Plaque 100 microlitres d’échantillons de l’entrée 10 à la moins six, entrée 10 à moins huit, entrée 10 à moins 10, sortie 10 à moins deux, sortie 10 à moins trois, et sortie 10 à moins quatre sur les plaques individuelles LB-ampicilline, et incuber pendant la nuit à 37 degrés Celsius. Le matin, comptez le nombre de colonies sur les plaques avec des colonies clairement séparées. Multipliez le nombre de colonies avec le facteur de dilution pour obtenir le nombre de concentrations bactériennes par 100 microlitres.
Dans ce protocole, après génération d’une bibliothèque mutée aléatoirement des variantes de BirA, l’expression de BirA et d’eCPX-AP a été induite.

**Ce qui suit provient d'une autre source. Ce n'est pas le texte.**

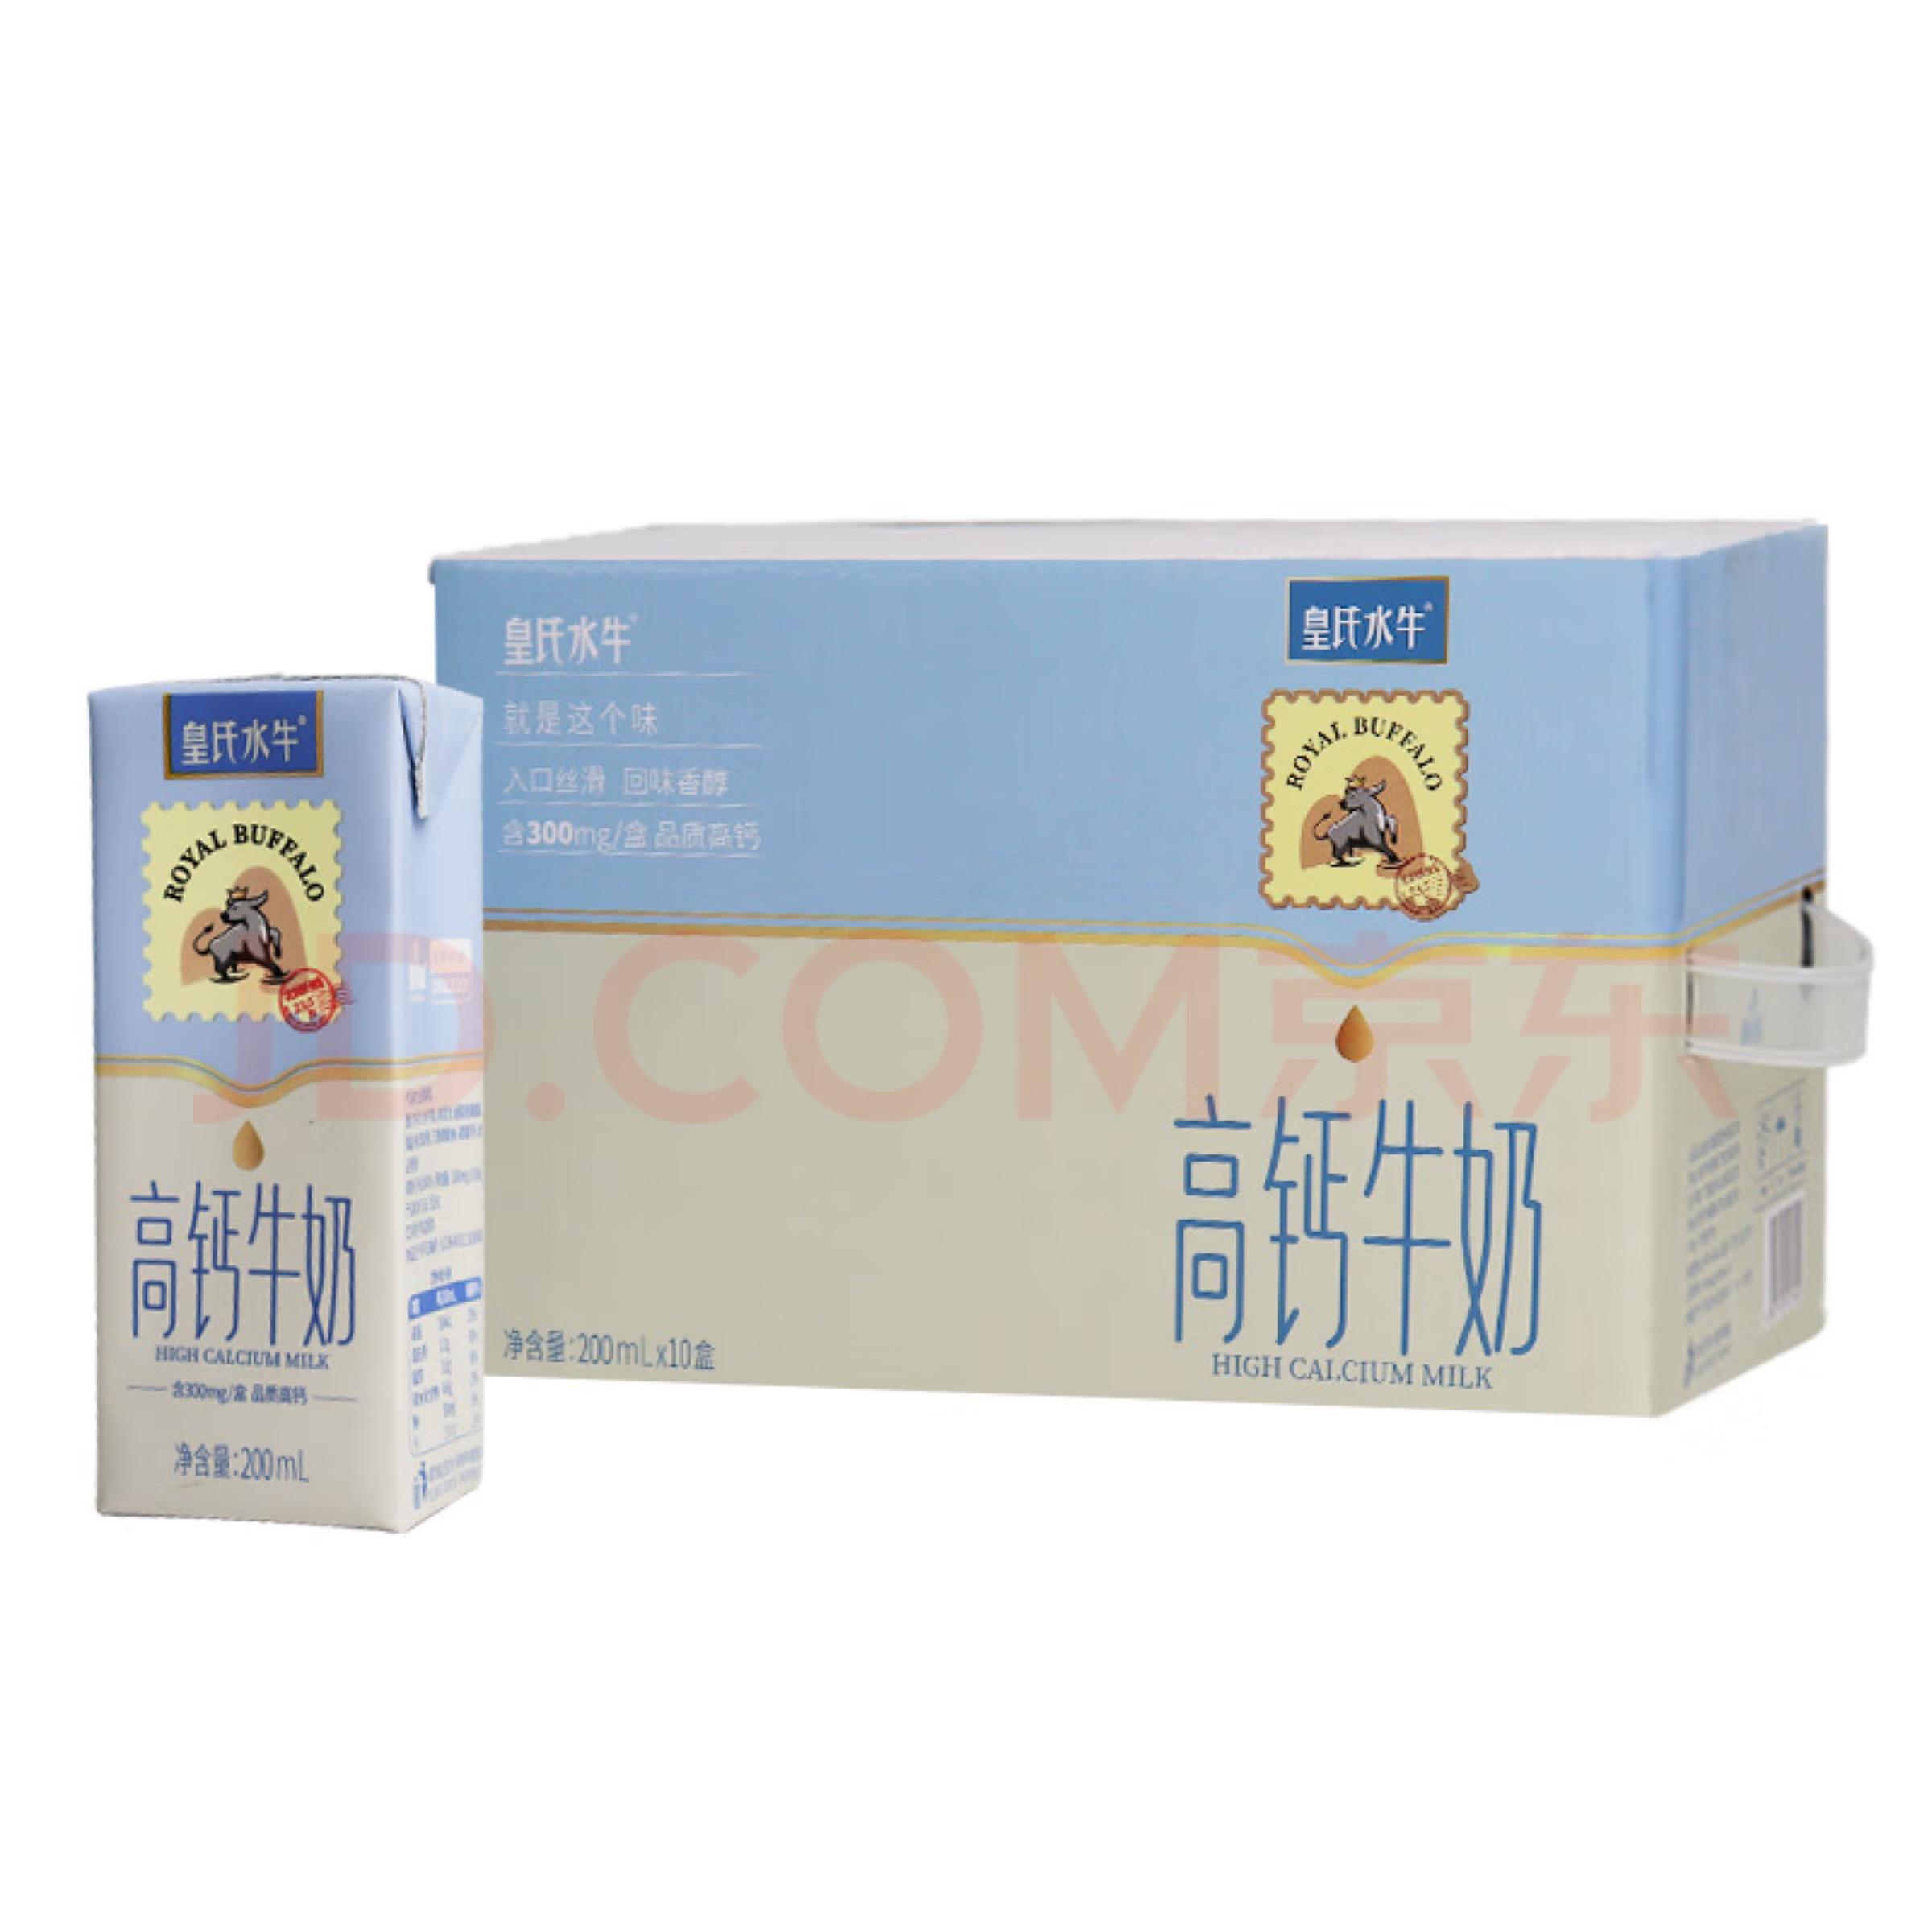 概率券：皇氏乳业水牛高钙牛奶200ml*10盒 54.88（2件合每件27.44元）

Des bactéries ont été incubées avec le réagent d’affinité, des bactéries non liées ont été jetées, et des bactéries choisies ont été amplifiées. La tache occidentale de bactéries exprimant pBAD-BirA-eCPX-AP a produit une bande streptavidine-réaction de 22 kilodalton compatible avec le poids moléculaire de l’eCPX dans les cultures non induites et induites.
Cependant, ils n’étaient pas présents dans bira hexahistidine. La biotinylation de surface forte dans les bactéries exprimant eCPX-AP a causé l’agrégation sur l’addition des perles magnétiques de streptavidine et la formation d’une pastille au fond du tube, qui n’a pas été observée avec eCPX avec la lysine aux bactéries d’expression de mutation d’alanine. L’analyse du précipité du retrait de streptavidin a montré un dégagement clair de 22 kilodalton streptavidin-réaction et bande anti-hexahistidine dans les échantillons des cultures d’eCPX-AP mais pas eCPX-AP avec la lysine aux cultures de mutation d’alanine.
De même, le nombre de bactéries liées aux perles de streptavidine était significativement plus élevé dans l’eCPX-AP que la lysine eCPX-AP aux cultures de mutation d’alanine. L’étape la plus importante est un lavage rigoureux des bactéries liées à la streptavidine. Un lavage rigoureux garantit que seules les bactéries avec de la biotine affichée en surface sont sélectionnées.
Une fois qu’un enrichissement clair des bactéries est observé, les clones isolés peuvent être mutés davantage et ainsi développer des variantes bira très actives qui permettent une biotinylation spécifique des protéines indigènes.